2003–11–19
Bill Joy interview at Wired
Back in April, 2000 Wired published Bill Joy’s article: Why the future doesn’t need us. If you never got around to reading it I’d strongly suggest you do.
Just this month Wired has an interview with Joy which is also worth reading. Wired 11.12: ‘Hope Is a Lousy Defense.’
And yet you’ve been famously cool about Linux. Re-implementing what I designed in 1979 is not interesting to me personally. For kids who are 20 years younger than me, Linux is a great way to cut your teeth. It’s a cultural phenomenon and a business phenomenon. Mac OS X is a rock-solid system that’s beautifully designed.
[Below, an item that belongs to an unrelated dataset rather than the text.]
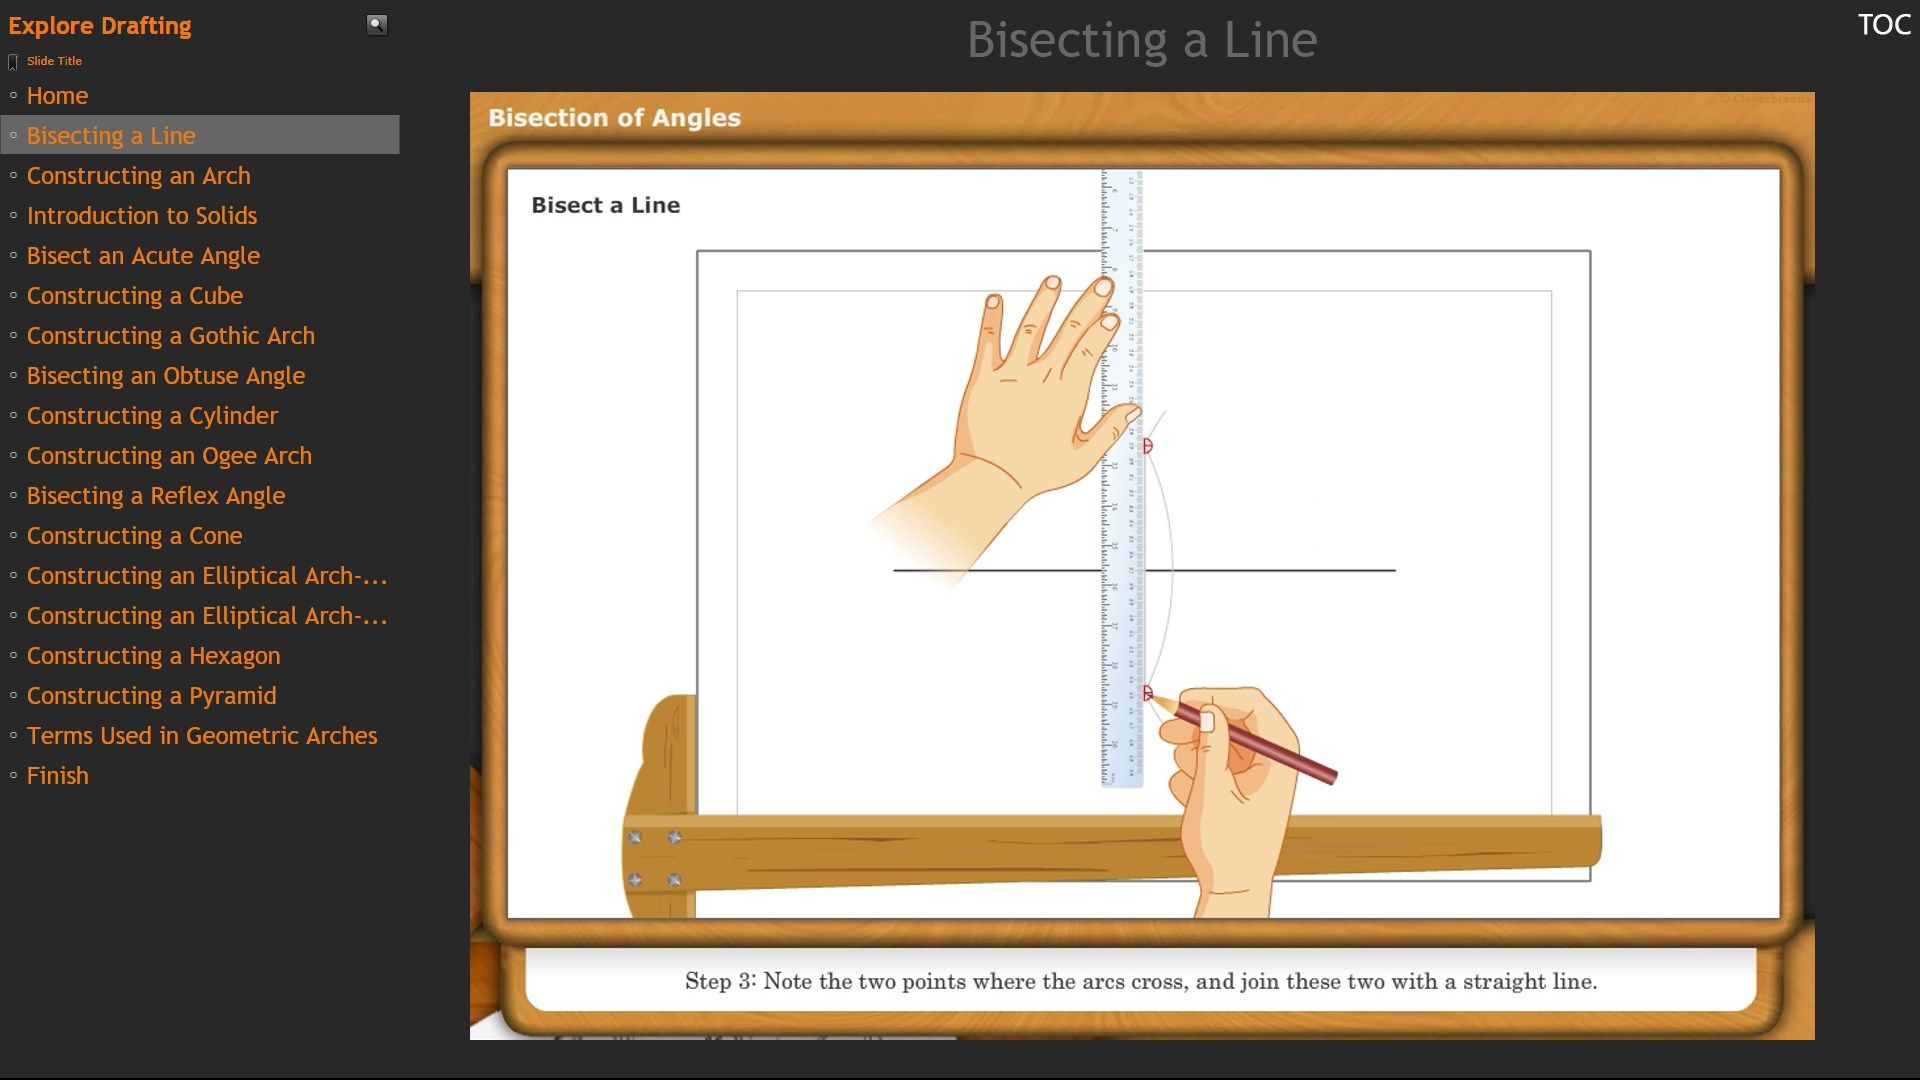 Bisecting a line

I much prefer it to Linux…
You did once say that we shouldn’t “let the future just happen.” Haven’t laissez-faire and free markets won out over planned economies?
Our problem is no longer “going faster,” getting to the future as fast as possible, but rather dealing with limits - limiting our own greed to avoid disaster in the environment and limiting what rogue individuals and states can do. Market mechanisms don’t address these problems. Things that aren’t accounted for in the cost equations - especially catastrophic events, the value of our survival - don’t get dealt with…
Are you any more at peace with what you see coming?
Not when the forces at play are so powerful that we have such strongly negative possible outcomes. Do we care whether we get a police state without civil liberties because the government’s “protecting us” from terrorists? I think we do care. Are people paying enough attention to stop it? I don’t think so.